Real Life Insane Delusion Cases in Estate law
Insane delusion challenges are fact-sensitive lawsuits that probate judges rarely dismiss on summary judgment.
When the testator’s insane delusion affects a beneficiary’s inheritance, the courts may strike the testamentary document in whole or may set aside the part influenced by the deceased’s unstable mind.
The Supreme Court of Indiana first took on insane delusion claims in estate law over one hundred and fifty years ago when deciding Addington v. Wilson (Indiana 1854). Here, the Court found a testator held testamentary capacity even though he disinherited his two daughters after sincerely believing they were witches.

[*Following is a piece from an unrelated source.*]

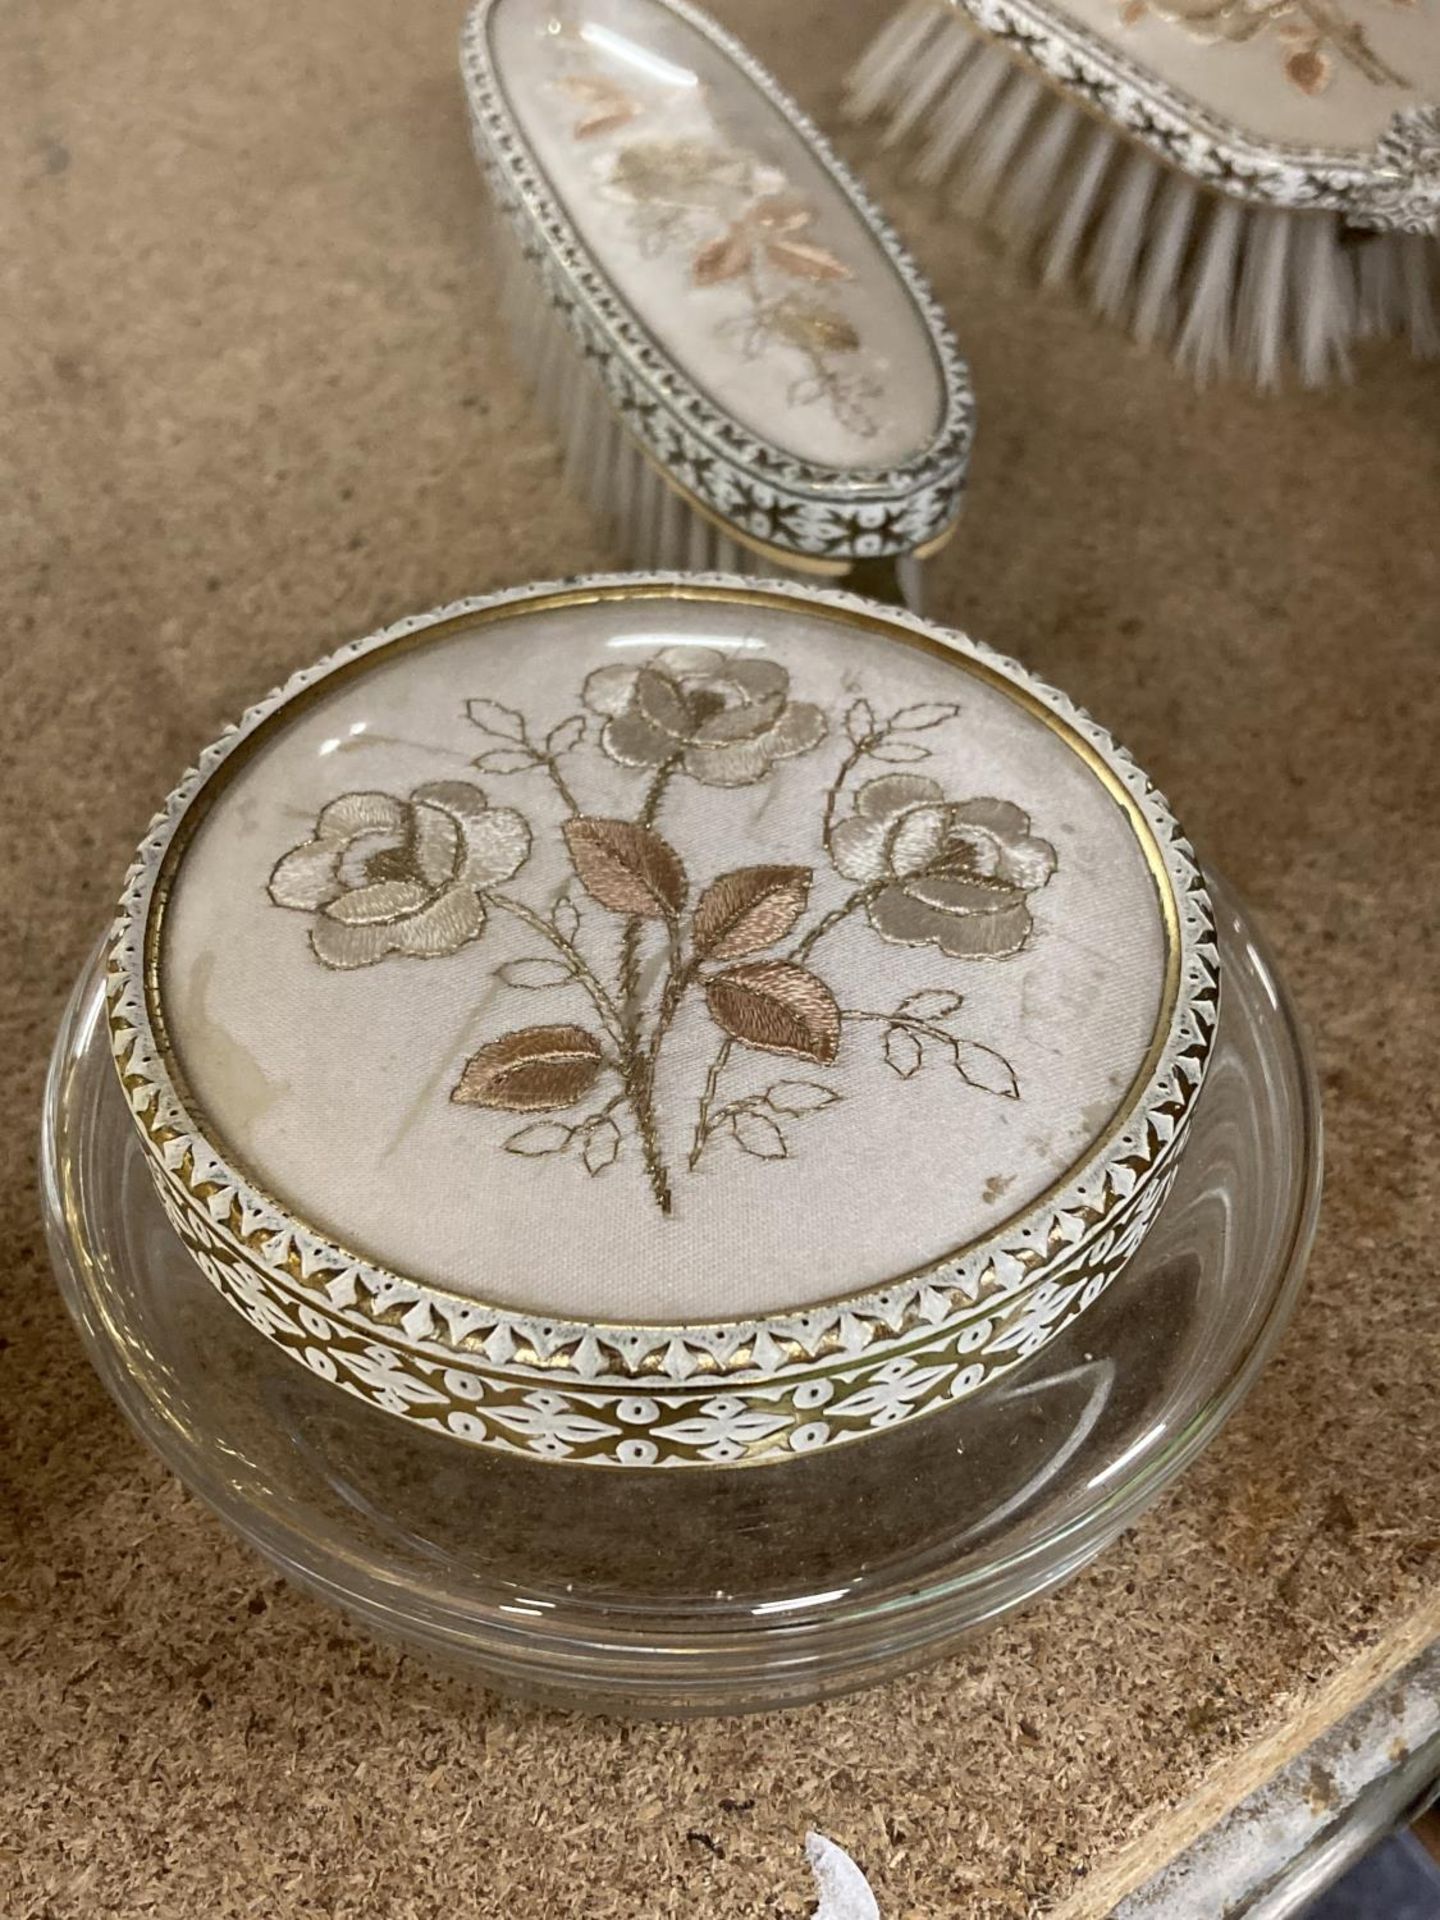 A VINTAGE VANITY SET WITH FLORAL EMROIDERY - Image 5 of 5
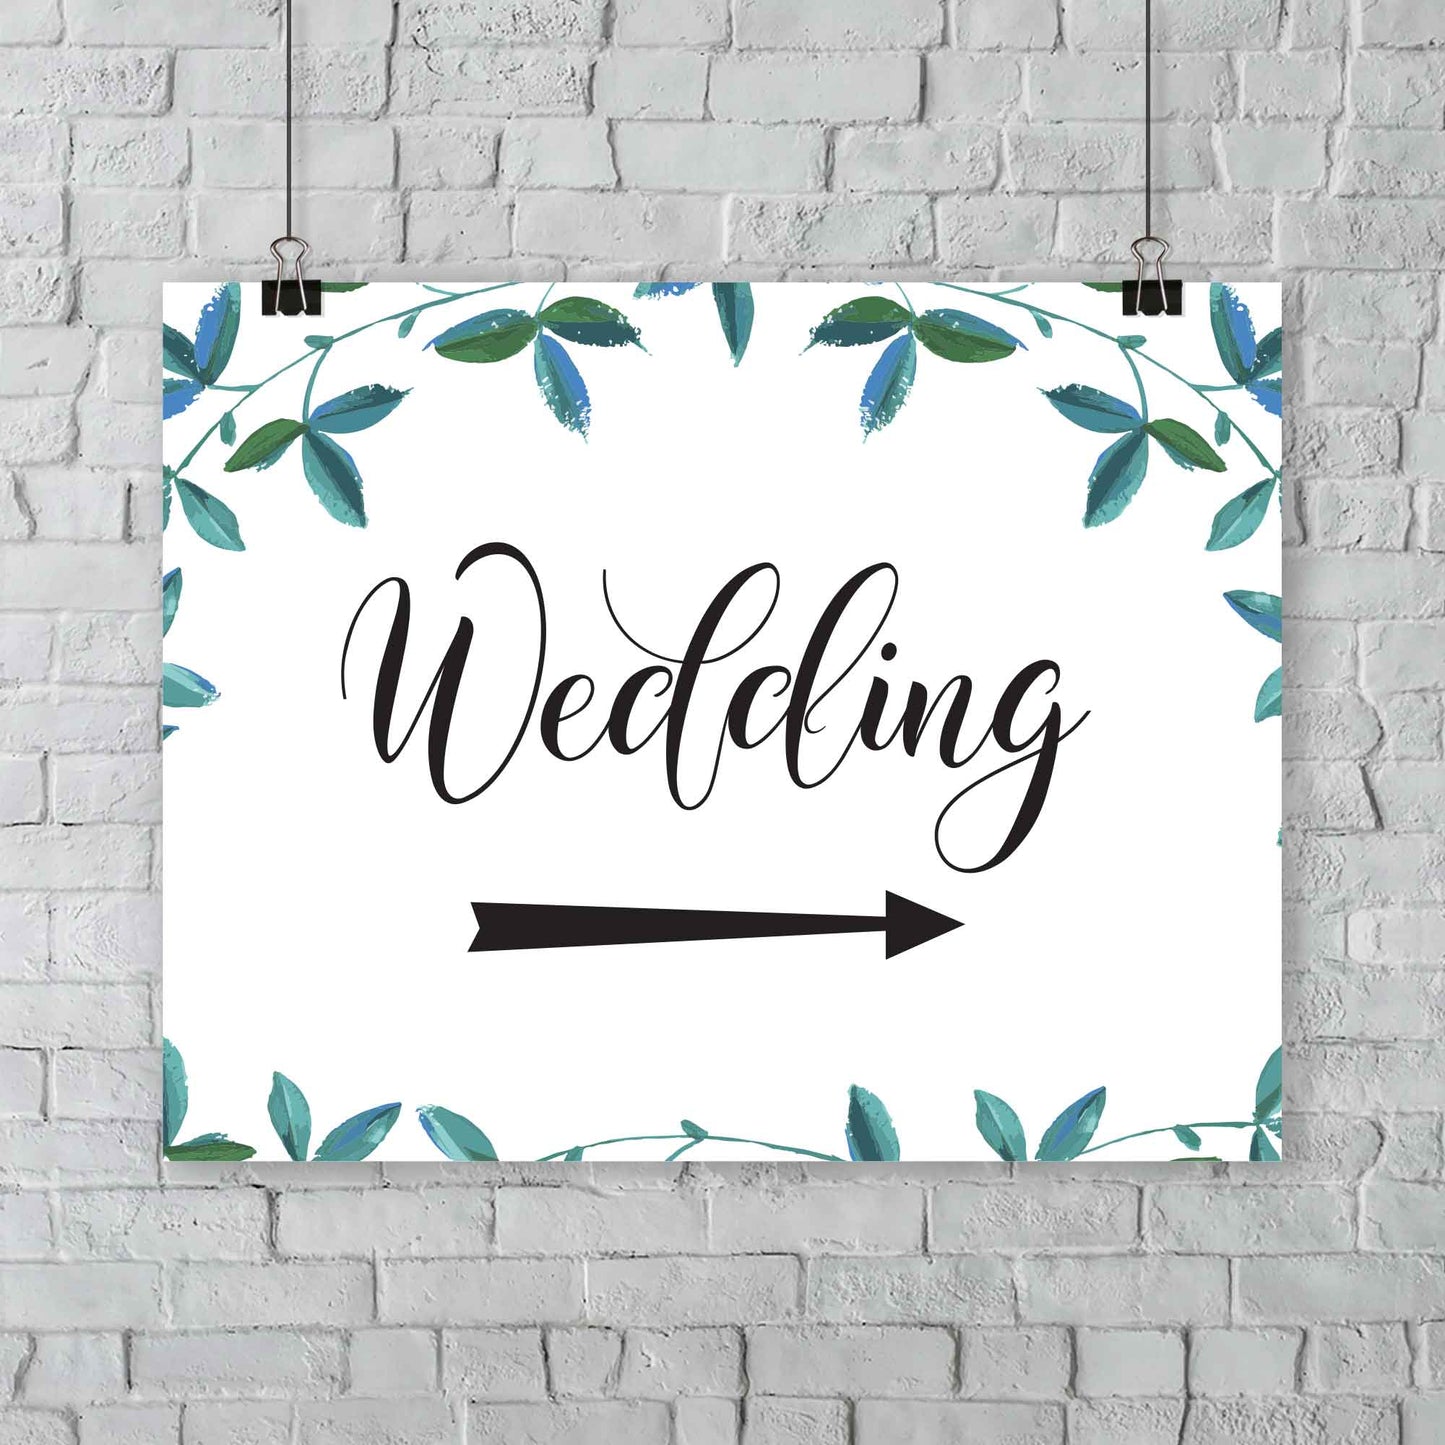 A2 green foliage wedding arrow sign hanging from a wall

Since “distinguished jurists and religious figures” actually believed in witchcraft at the time, the testator’s same belief did not disqualify him from leaving his daughters out of his will, according to the Court.
In its conclusion, the Robertson Court cited similar circumstances In re Russell’s Estate (California 1922) where a testator considered the challenger his daughter for forty years but started believing that she had no relation to him at the time he planned his estate.
The Courts held in those cases that there was no “rational basis whatsoever” for the testators to change their beliefs, thus both suffered from insane delusions.
In our state, the Iowa Court of Appeals held in Riley v. Casey (Iowa 1919) that an insane delusion differs from a testator’s mistake in administering assets after two relatives sued because the testator mistakenly believed they had already received property from their deceased grandmother.
According to the Court, testators suffering from an insane delusion would not change their mind regarding the delusion when presented with contrary evidence, whereas people who make mistakes while planning their estates are capable correcting the error after learning the truth—accordingly, the challenger’s evidence in Riley showing proof of the testator’s mistake was not of itself confirmation of an insane delusion.
Finally, two daughters most recently in Iowa claimed their mother suffered from an insane delusion after disinheriting them in a modified will. The Iowa Court of Appeals in this case refused to set aside the will, holding In the Matter of Estate of Hetrick (Iowa 2010) that the two challengers failed to prove their mother was partially sane when drafting her testamentary documents.